■ DATA PROVIDED ■
--- START ---
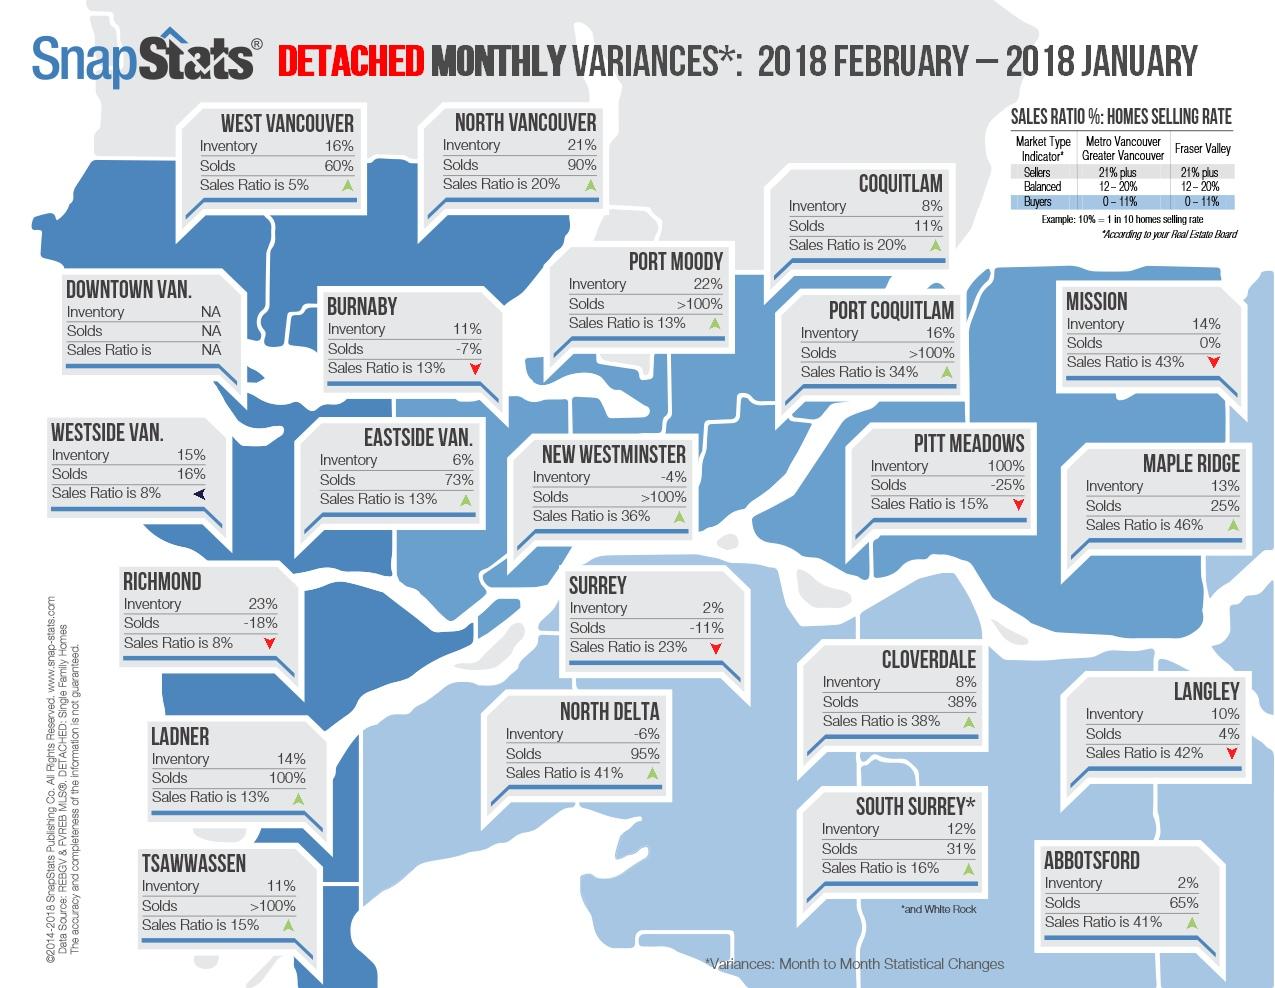 wwwsnap statscom det monthly 2018 february
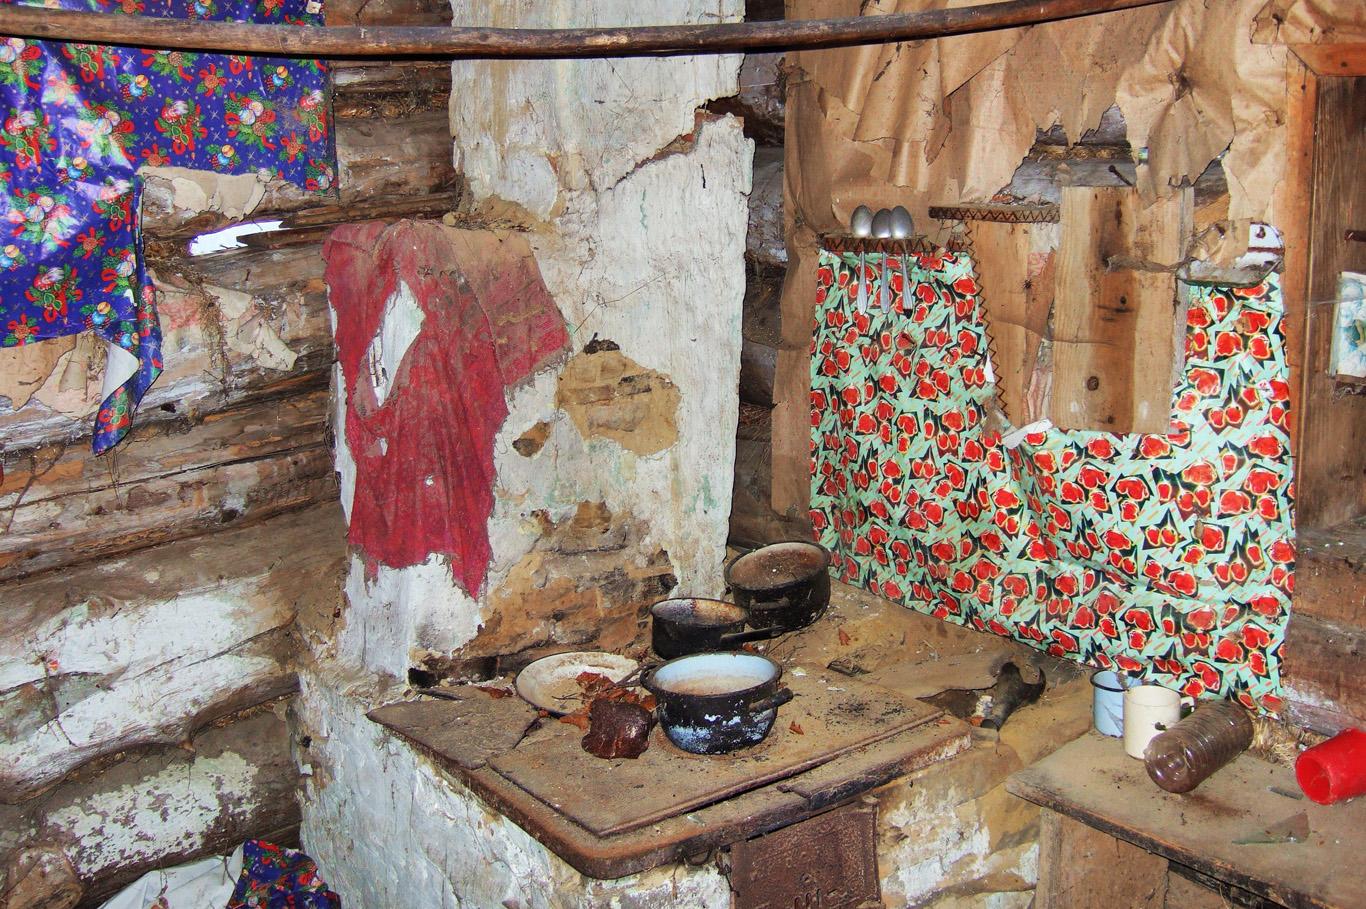 The cottage inside
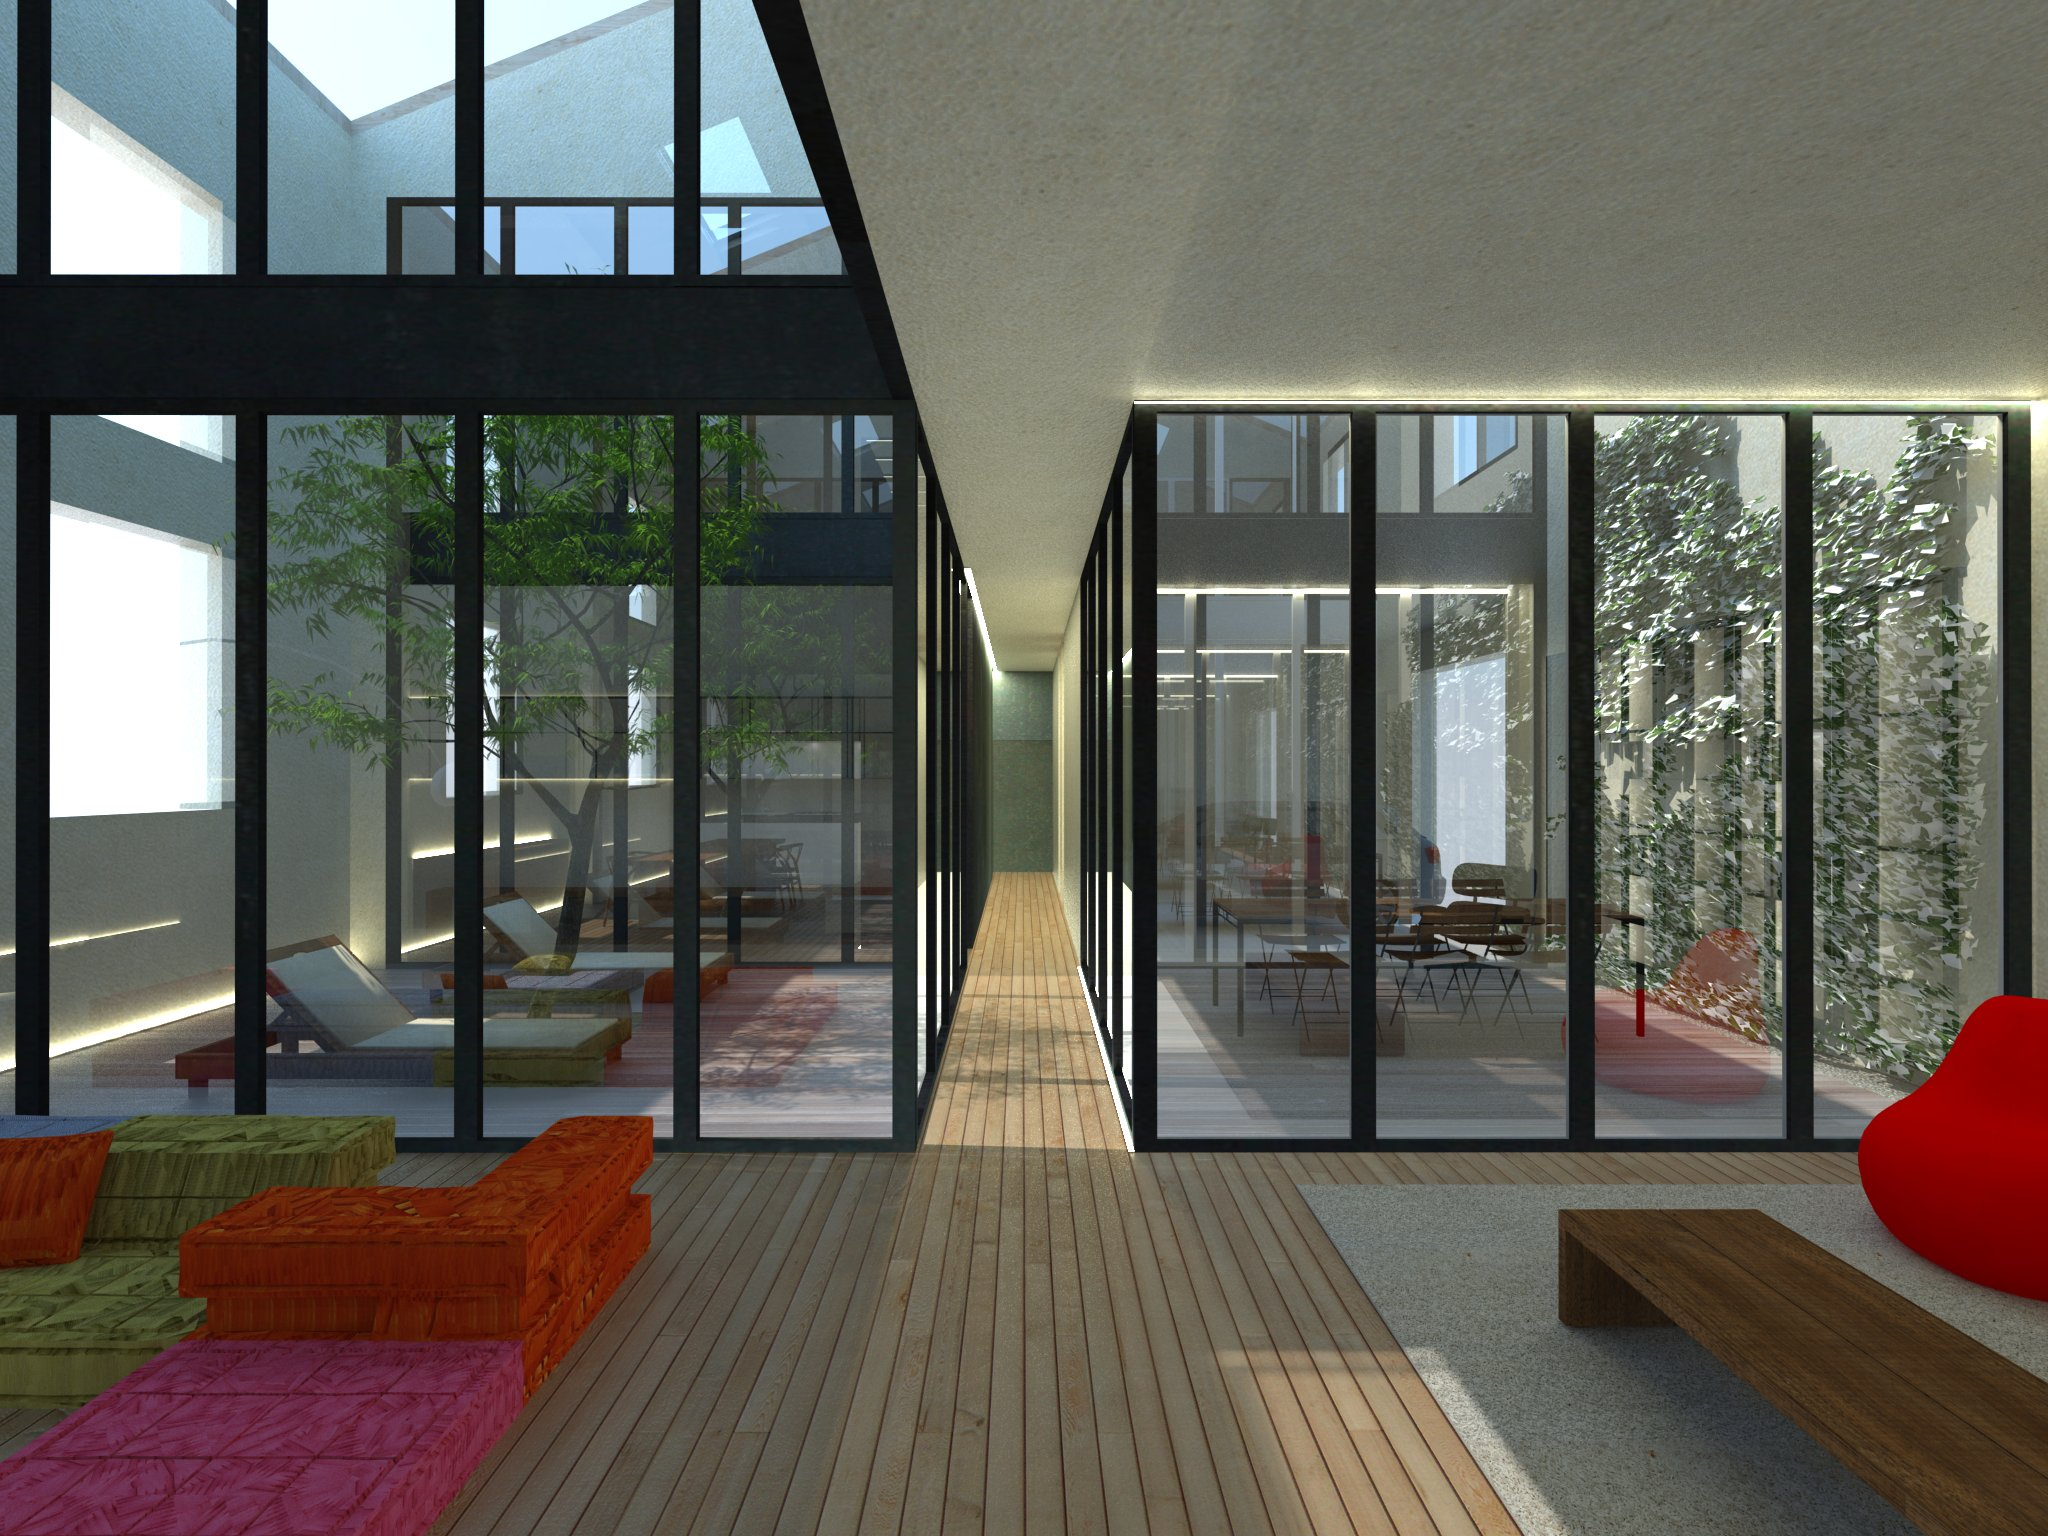 loft cb matteo selleri interior design imola
--- END ---
■ PROBLEM DESCRIPTION ■
All lines of the listing must be given again exactly, excluding the pictures.

■ TASK SOLUTION ■
 wwwsnap statscom det monthly 2018 february
 The cottage inside
 loft cb matteo selleri interior design imola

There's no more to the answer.